STORED DATA
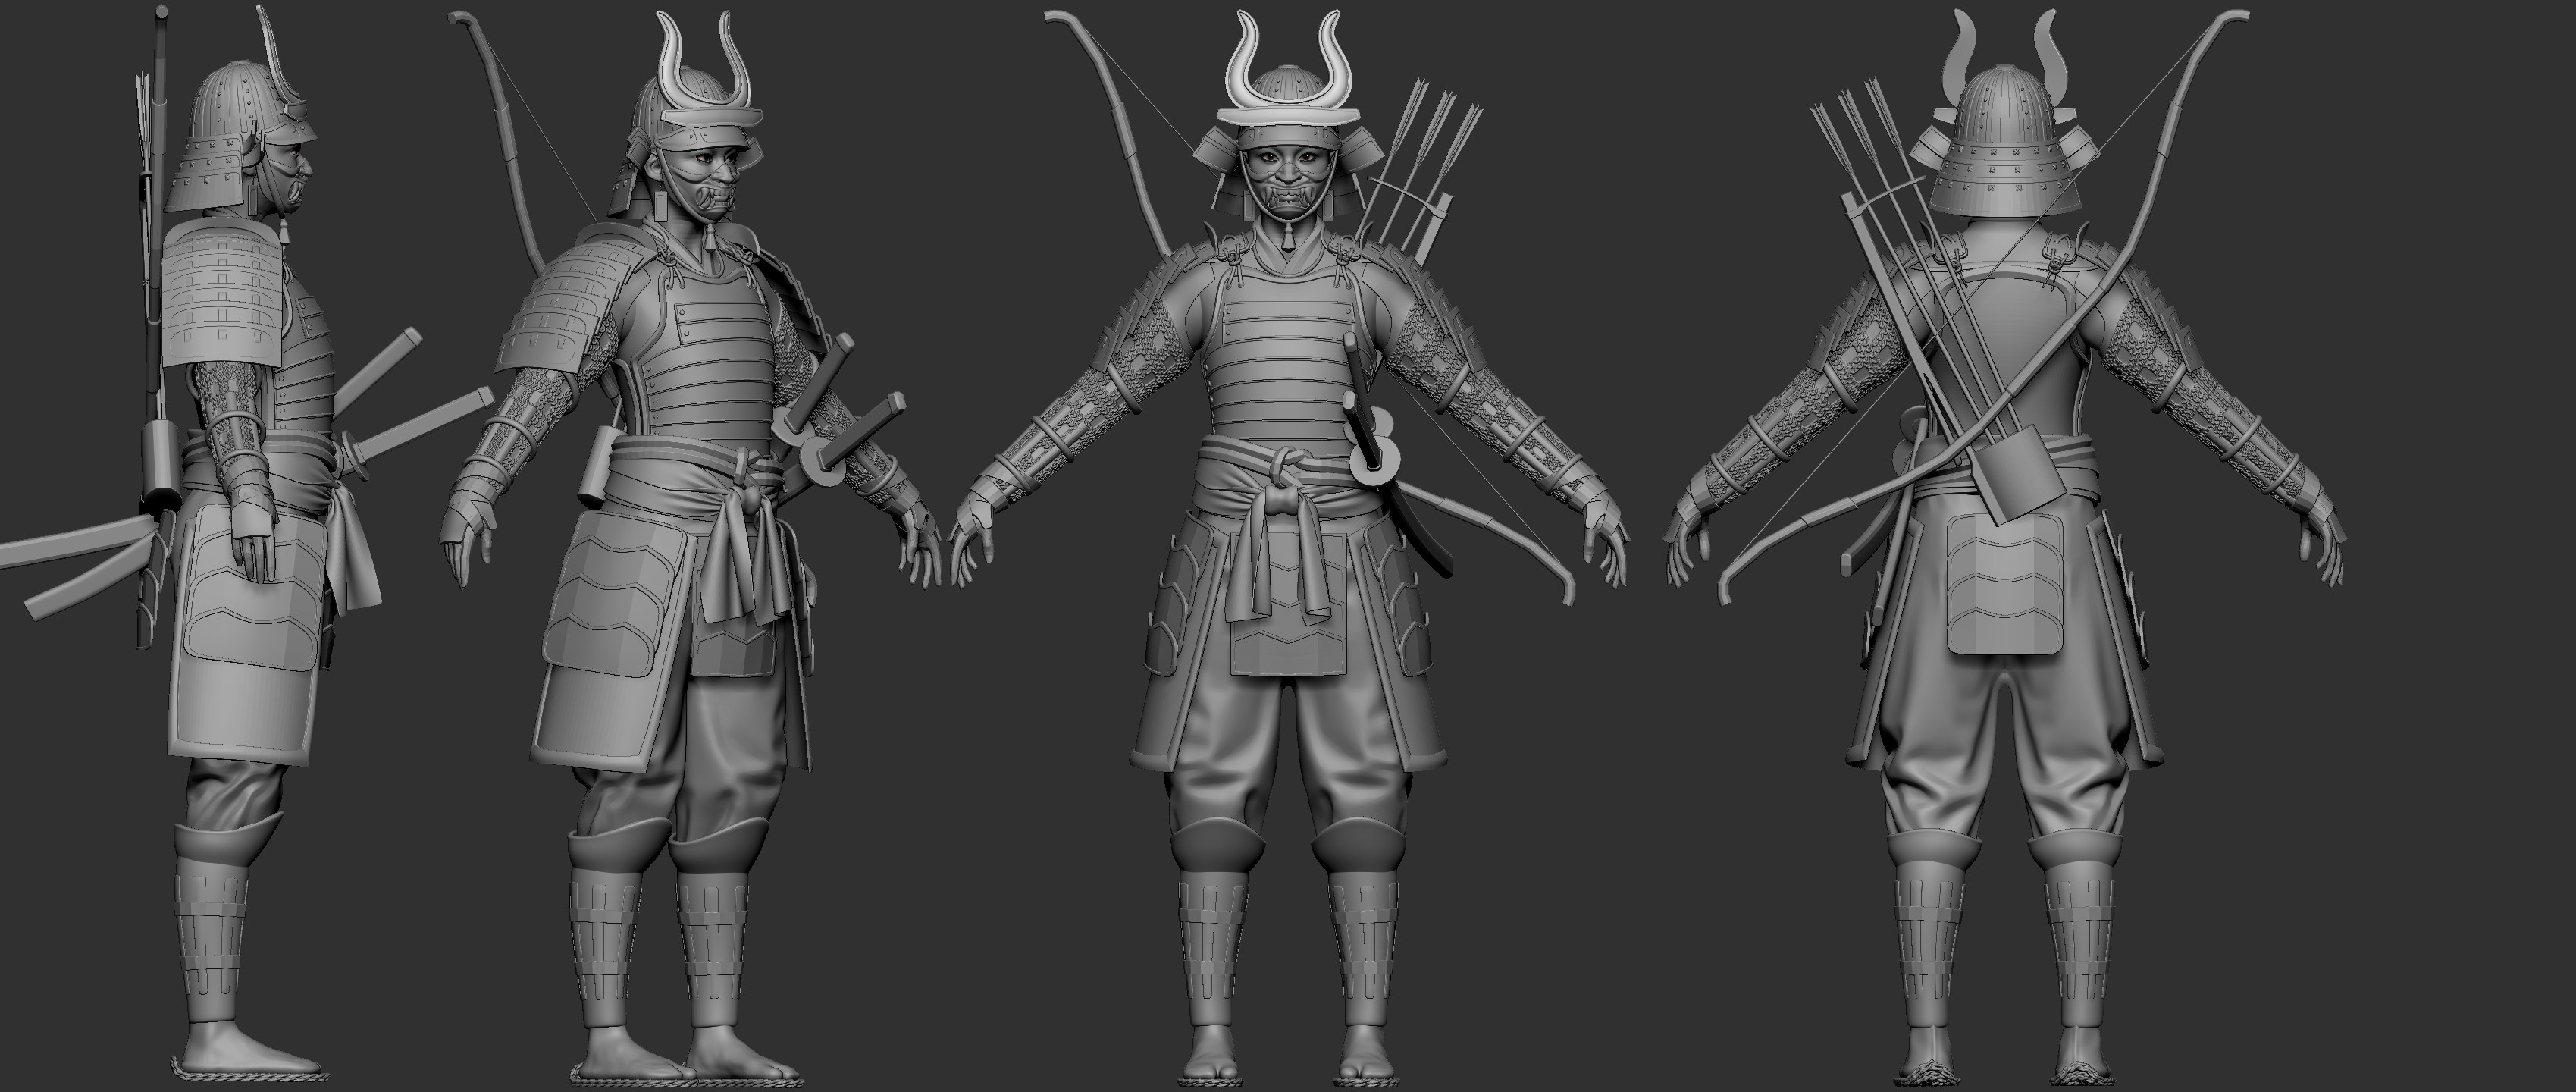 ryan-johnson-samurai-zbrush-render-1.jpg
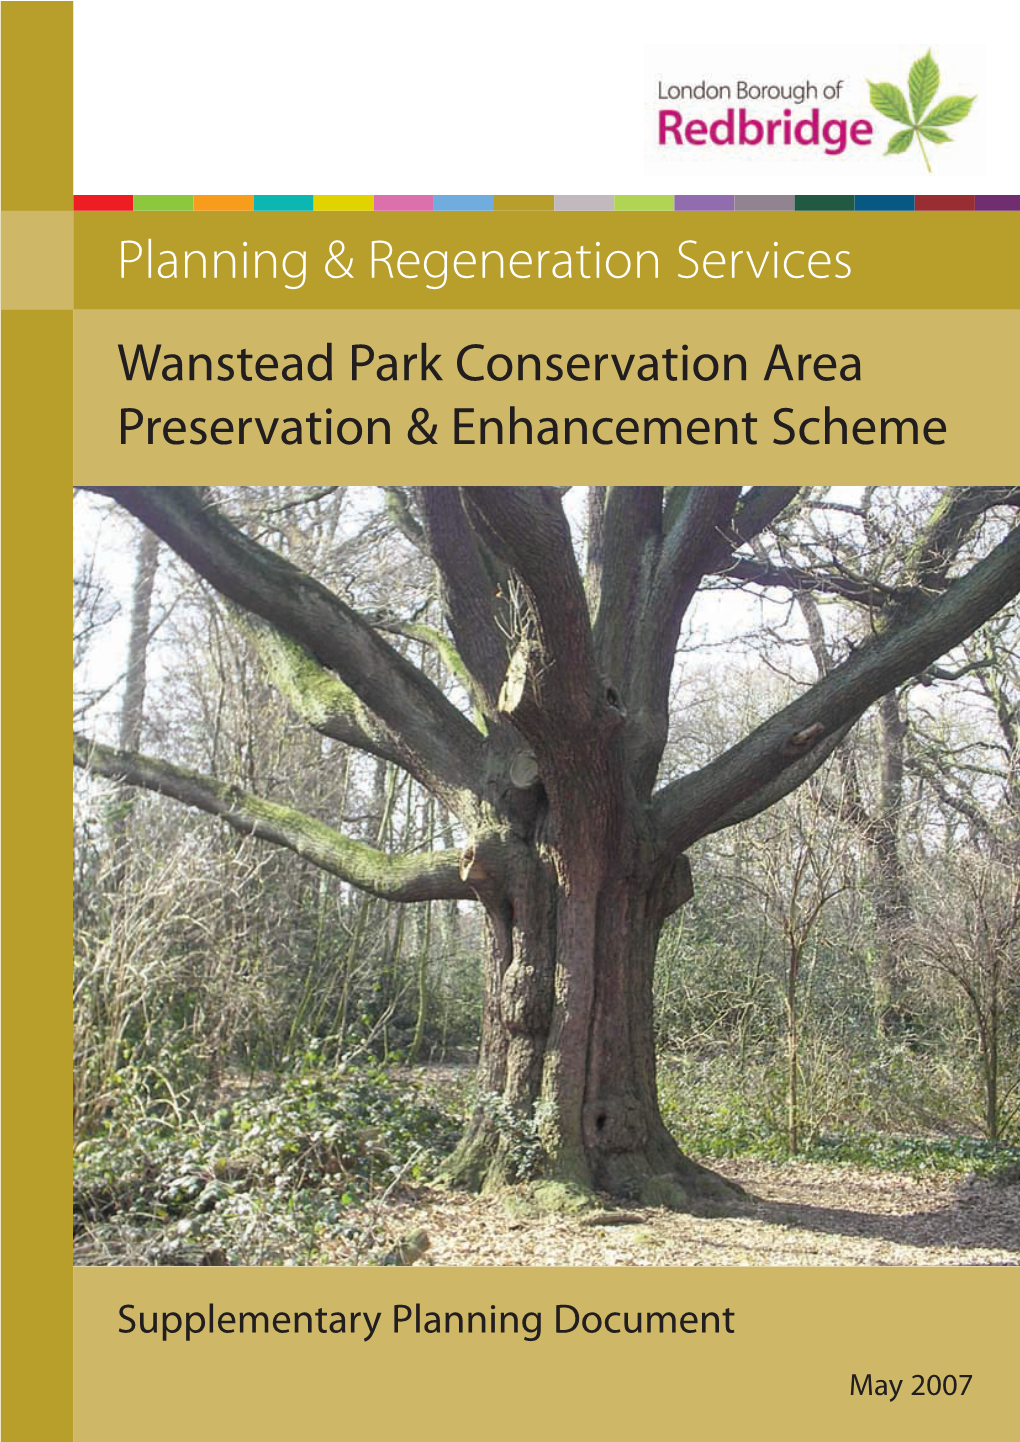 Wanstead Park Conservation Area Preservation & Enhancement Scheme
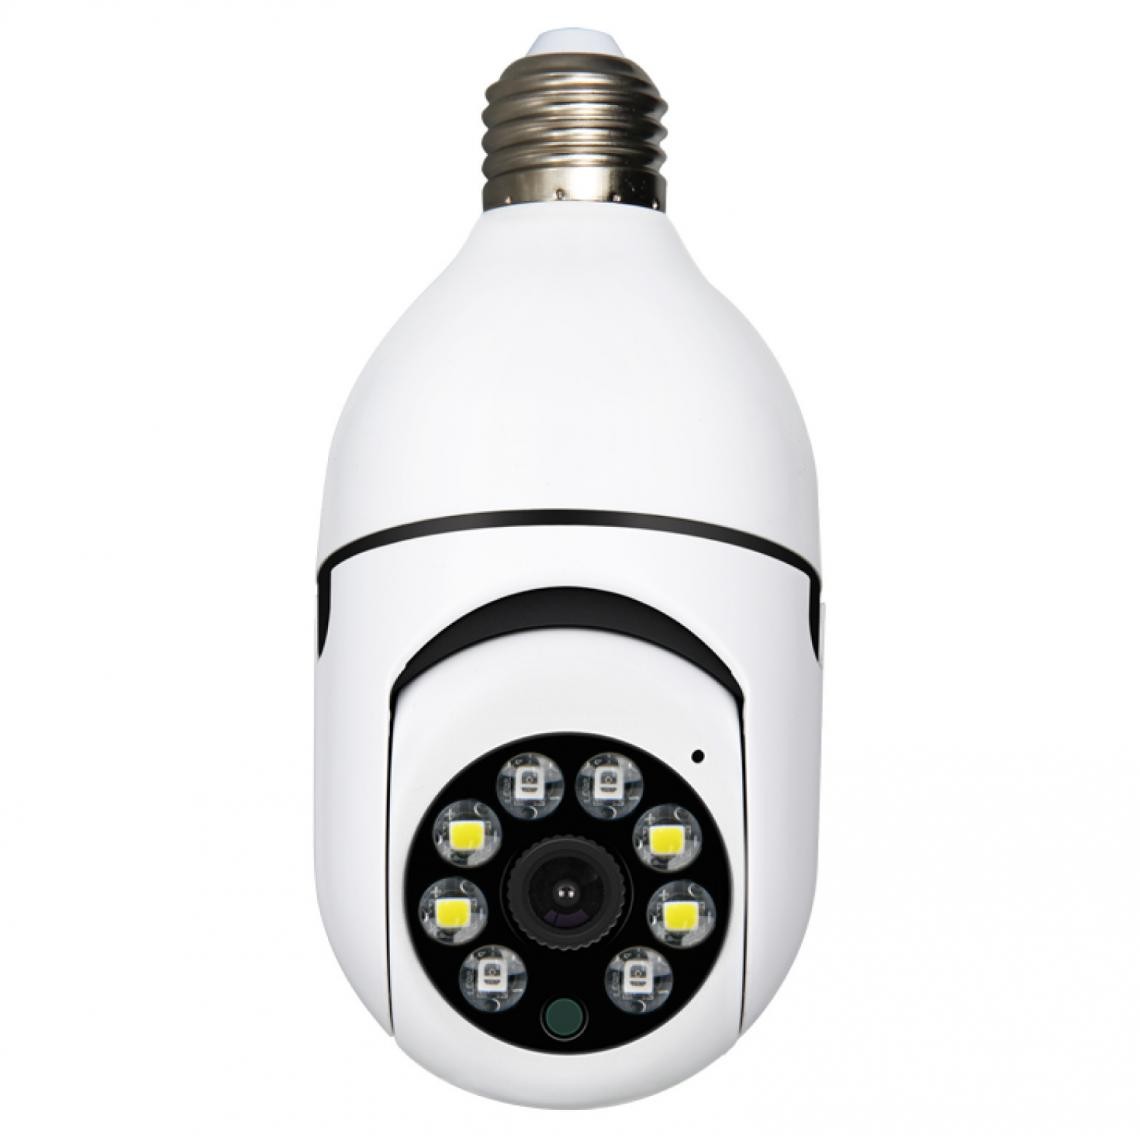 Ampoule Camera Surveillance WiFi sans Fil, 960P HD Caméra Fish Eye
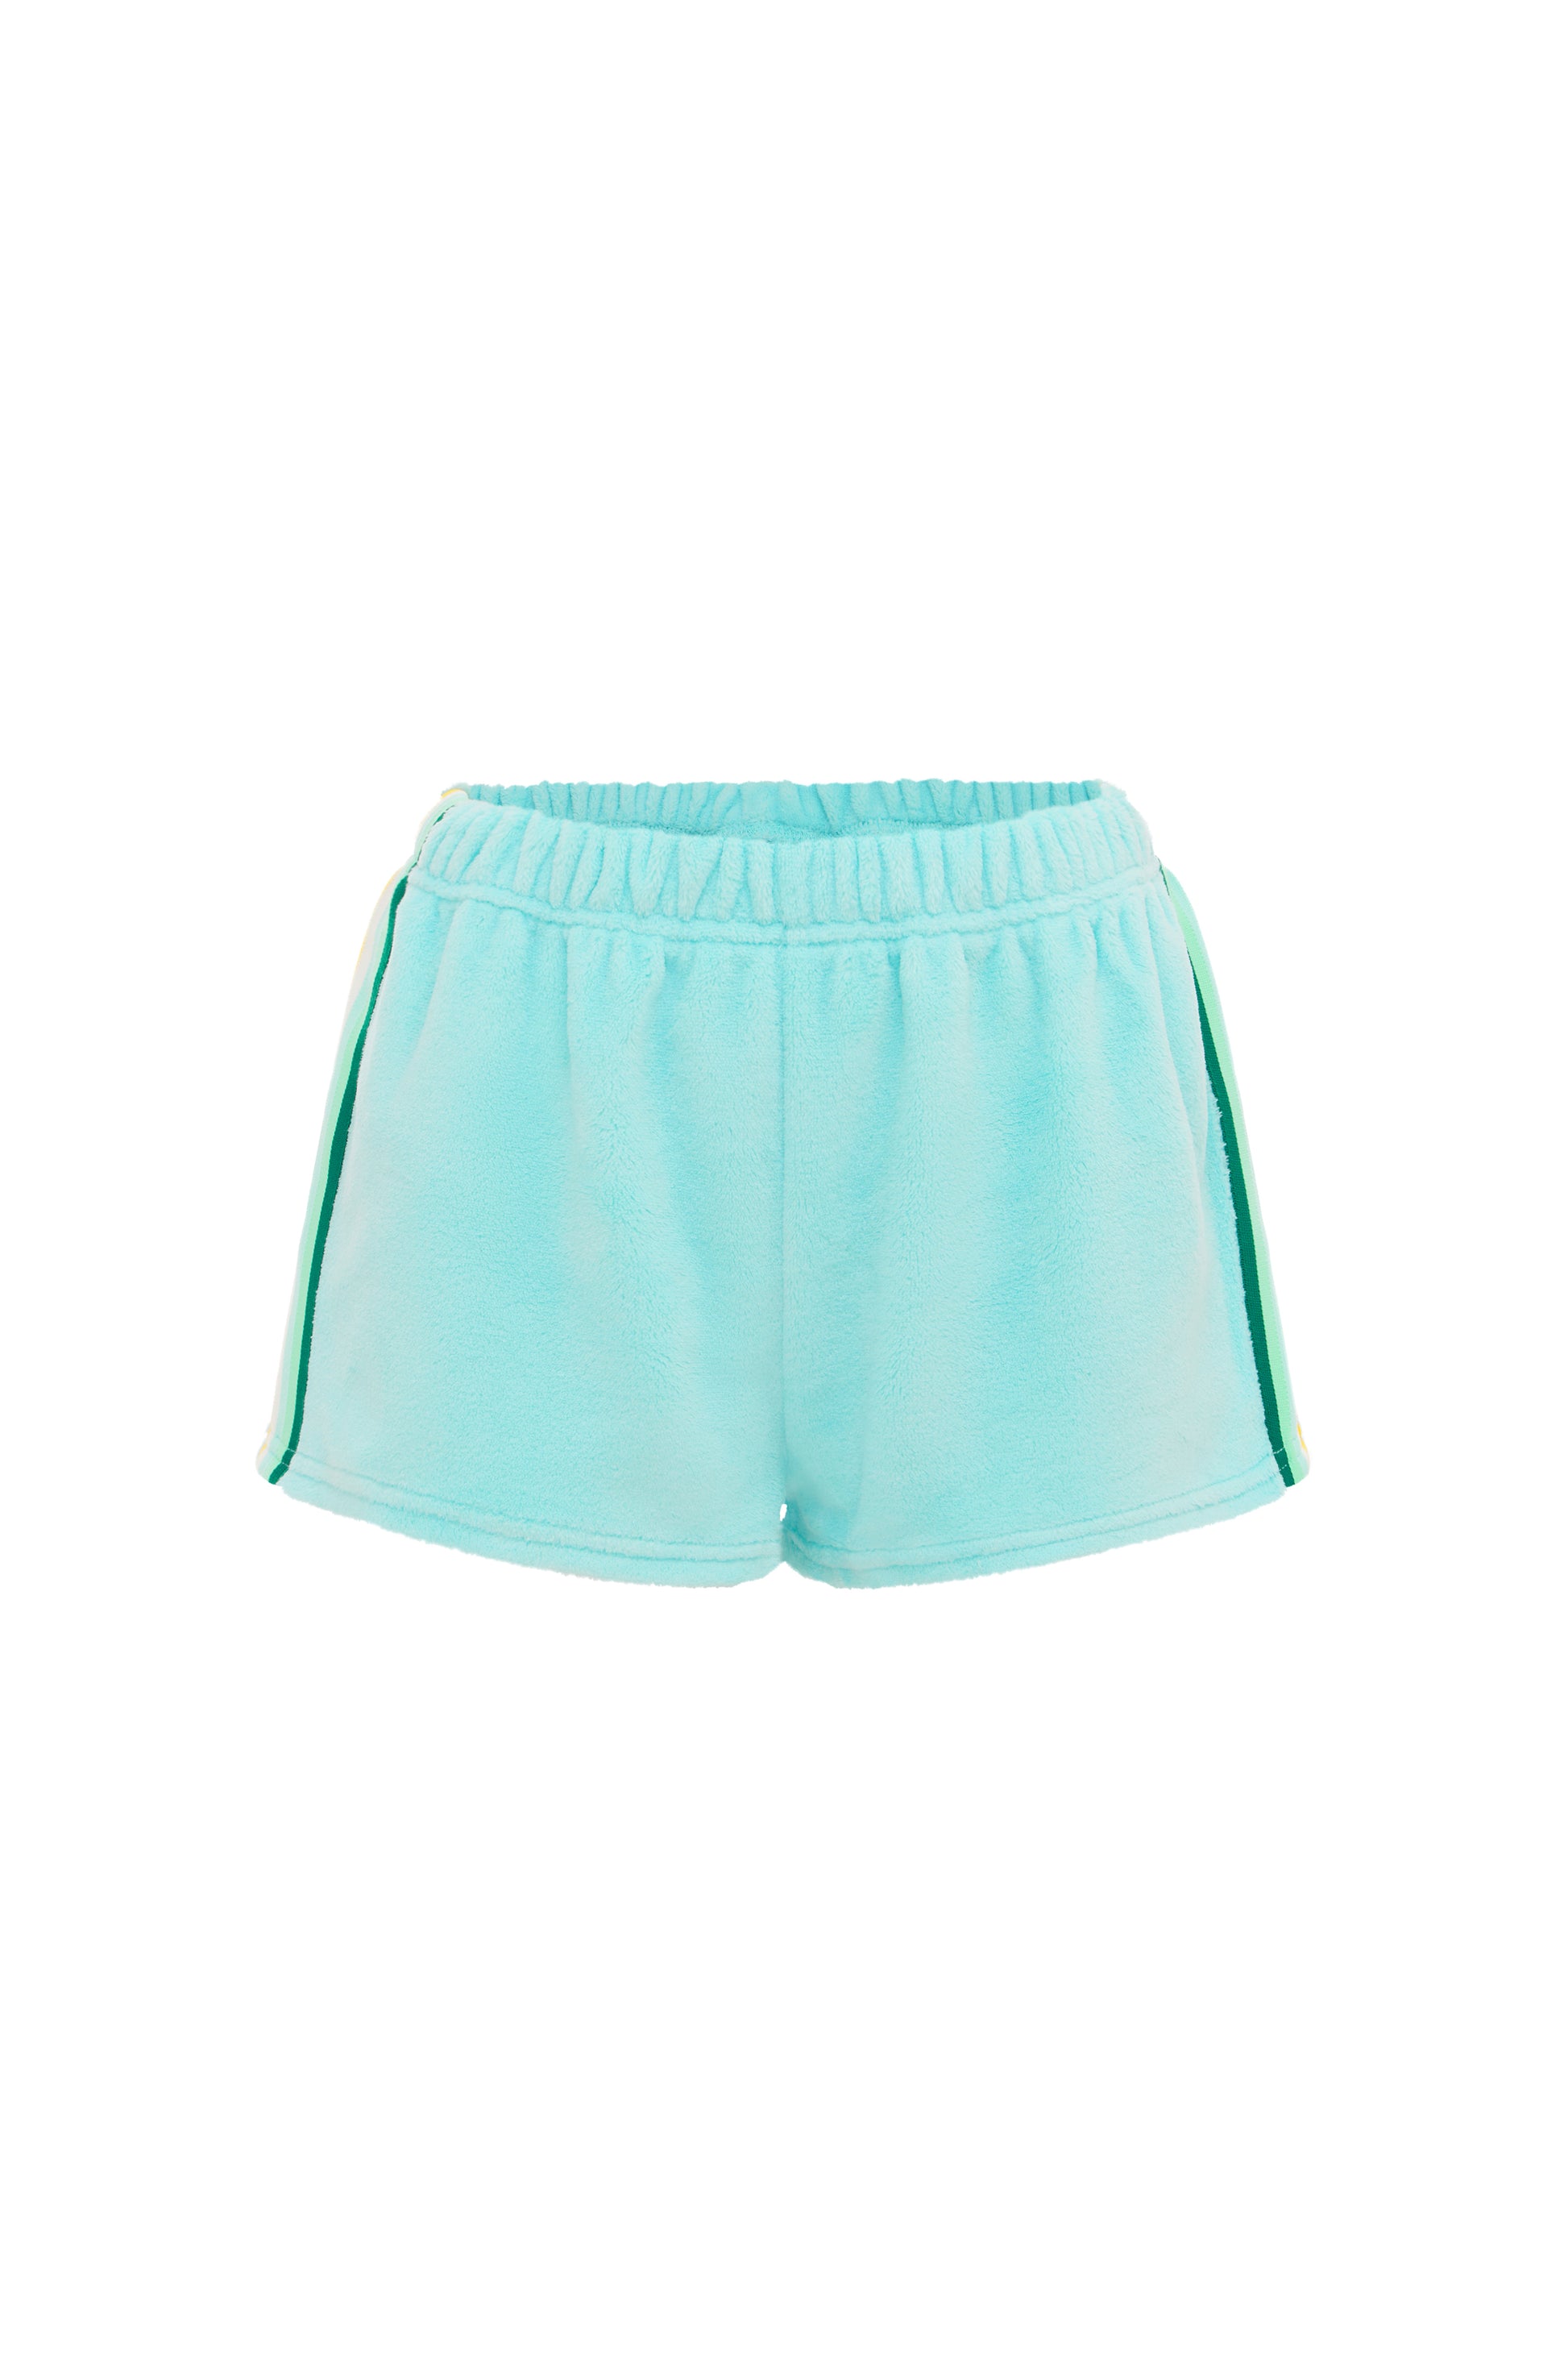 women's turquoise fleece short shorts

THE PROBLEM
Give back, exactly and with nothing added, the lines from the line with "Wanstead Park Conservation" through the final line of the data, both included; leave pictures out.

RESPONSE BELOW
 Wanstead Park Conservation Area Preservation & Enhancement Scheme
 Ampoule Camera Surveillance WiFi sans Fil, 960P HD Caméra Fish Eye
 women's turquoise fleece short shorts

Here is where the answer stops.